MATERIAL PROVIDED START
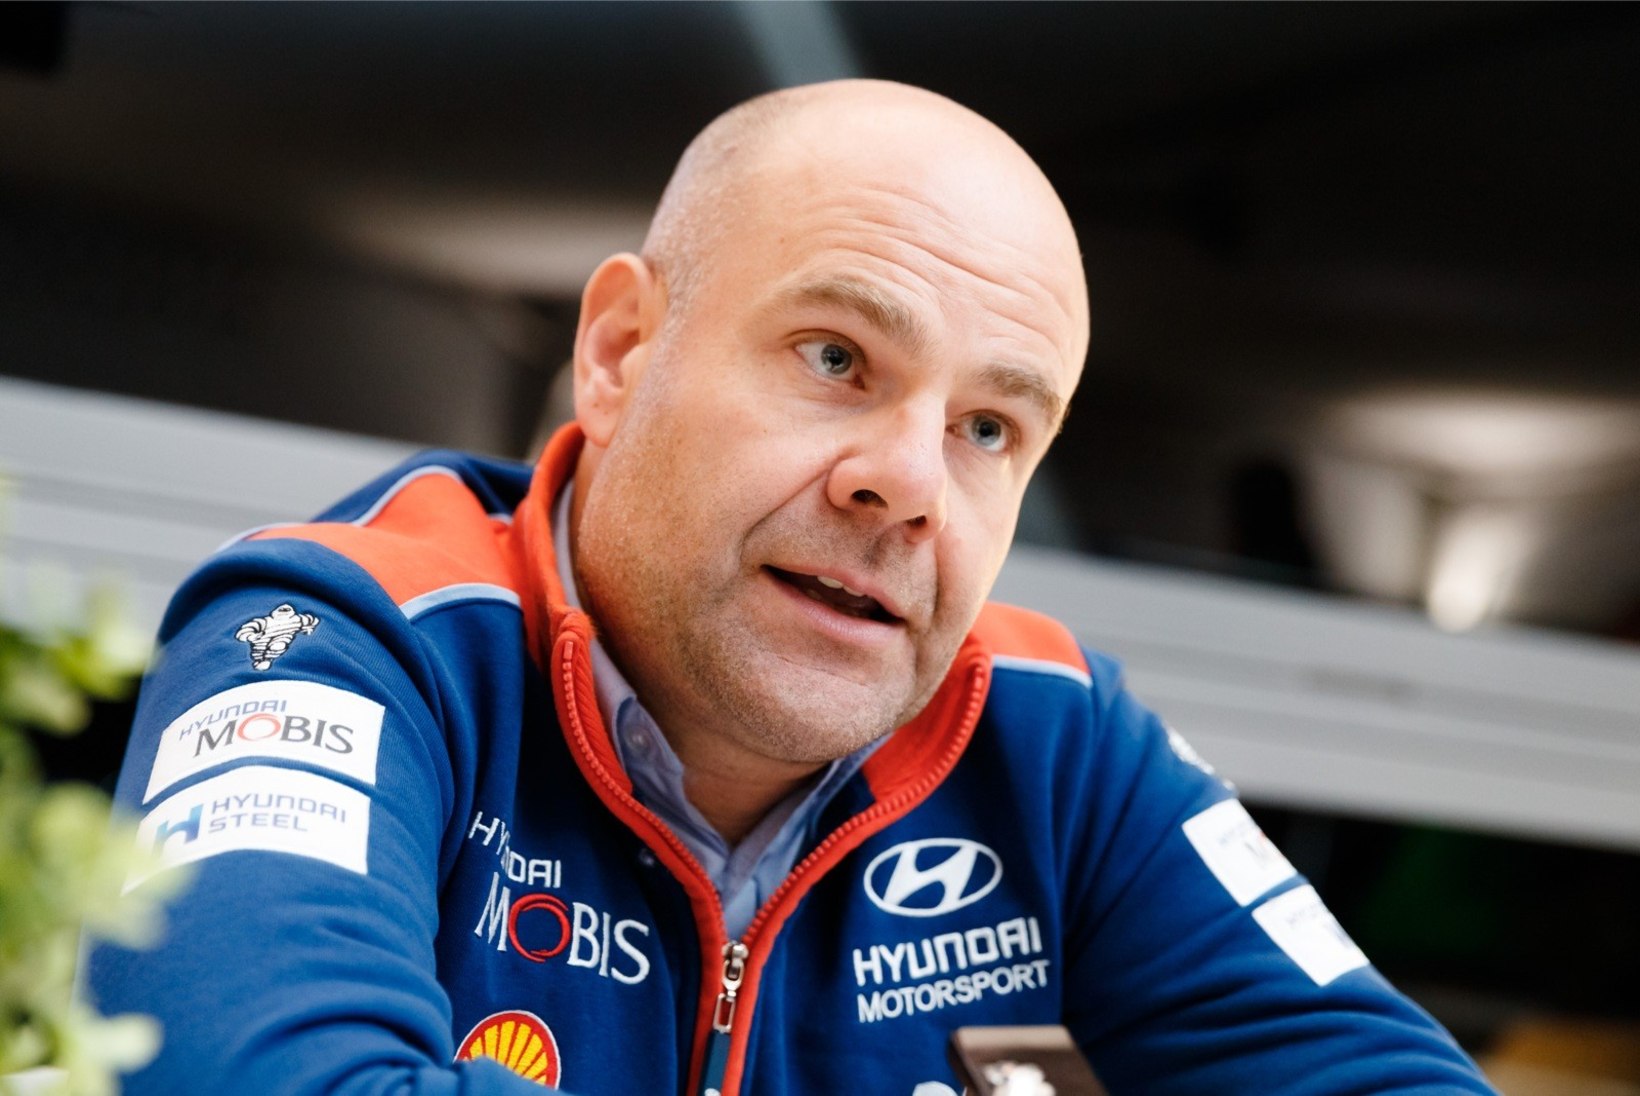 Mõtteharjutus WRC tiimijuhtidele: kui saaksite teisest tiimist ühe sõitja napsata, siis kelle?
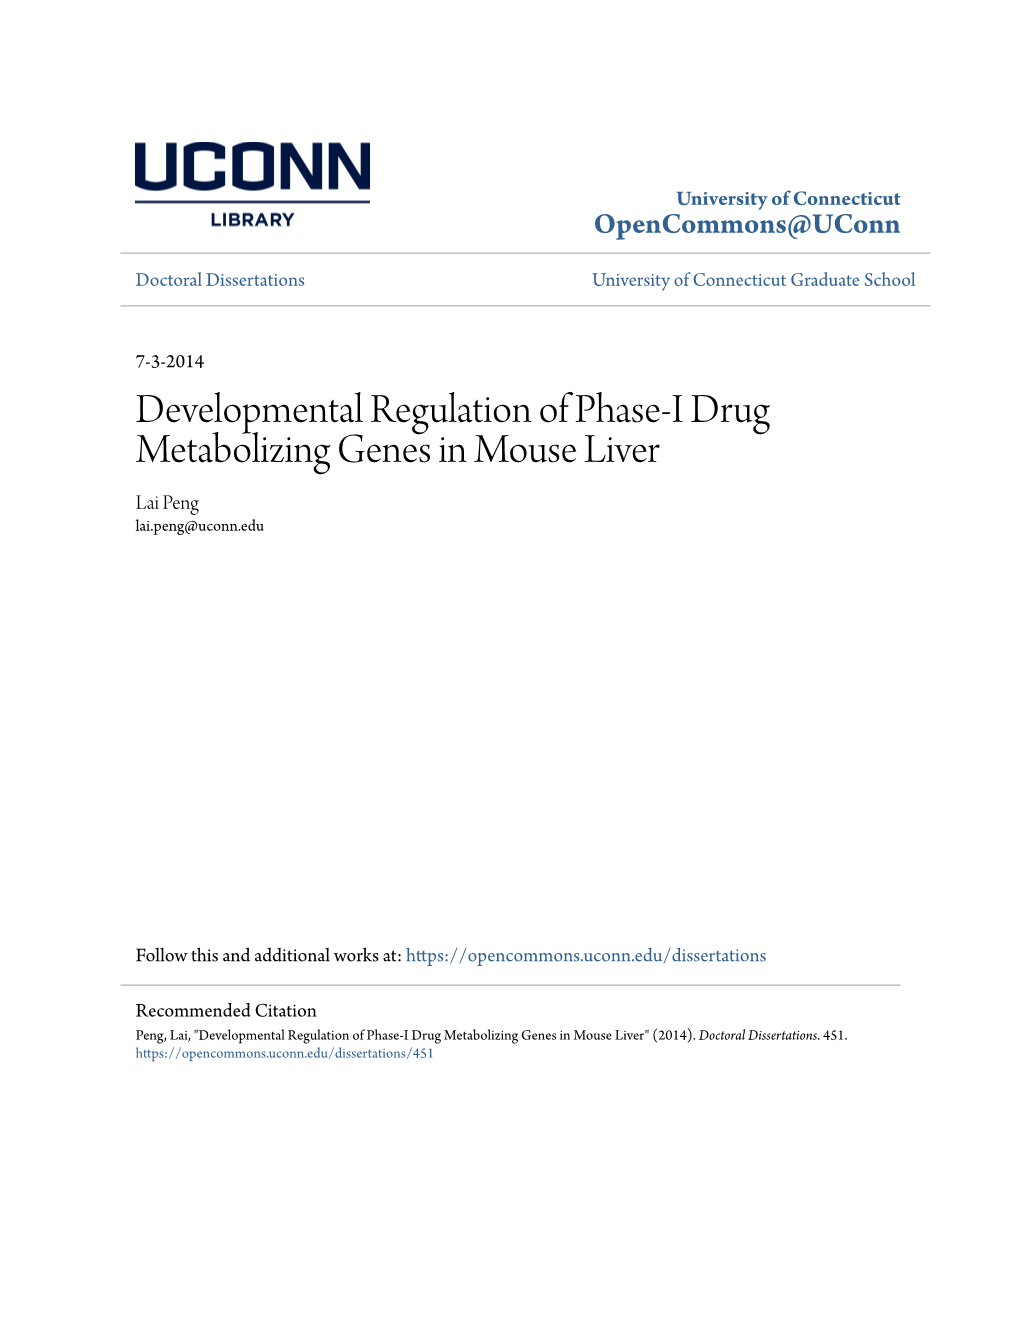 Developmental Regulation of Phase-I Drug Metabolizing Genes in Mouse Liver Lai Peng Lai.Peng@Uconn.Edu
MATERIAL PROVIDED END
MATERIAL PROVIDED START
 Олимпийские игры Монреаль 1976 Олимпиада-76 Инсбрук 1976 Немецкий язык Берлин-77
MATERIAL PROVIDED END
MATERIAL PROVIDED START
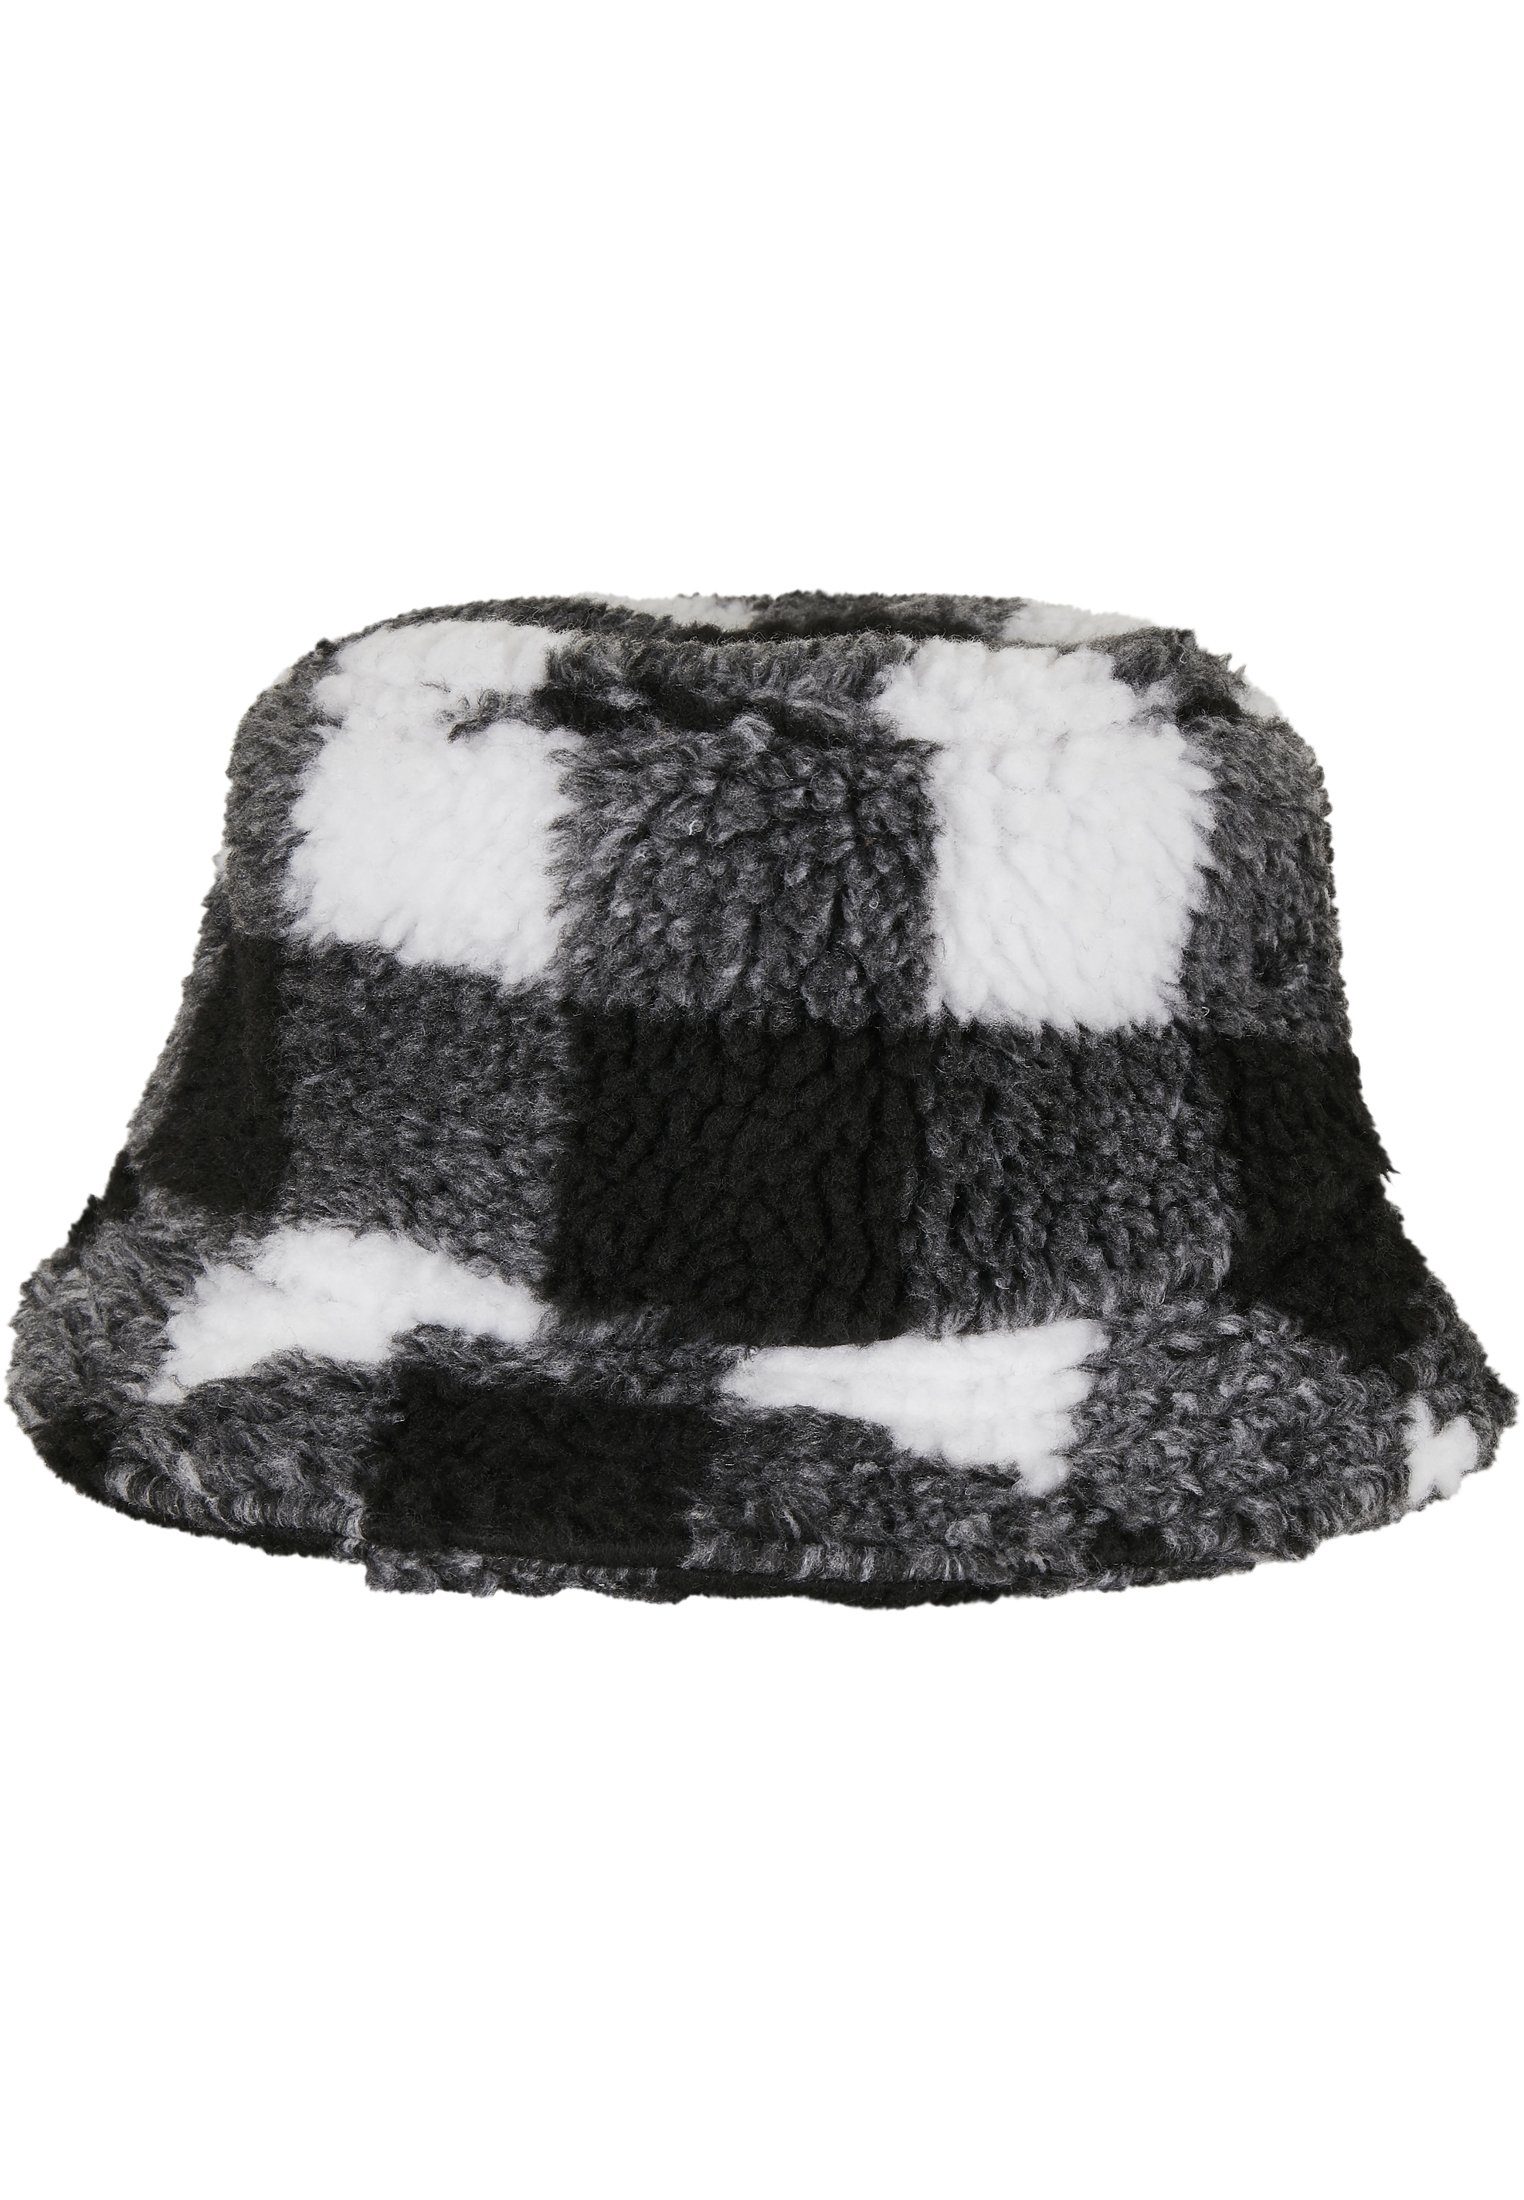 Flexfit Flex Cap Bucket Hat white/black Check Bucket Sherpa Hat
MATERIAL PROVIDED END
BRIEF
In the listing above, find the line with "Mõtteharjutus WRC tiimijuhtidele: kui" and the line with "Developmental Regulation of". Copy both of them and every line between, exactly, but not the pictures.

ANSWER BOX
 Mõtteharjutus WRC tiimijuhtidele: kui saaksite teisest tiimist ühe sõitja napsata, siis kelle?
 Developmental Regulation of Phase-I Drug Metabolizing Genes in Mouse Liver Lai Peng Lai.Peng@Uconn.Edu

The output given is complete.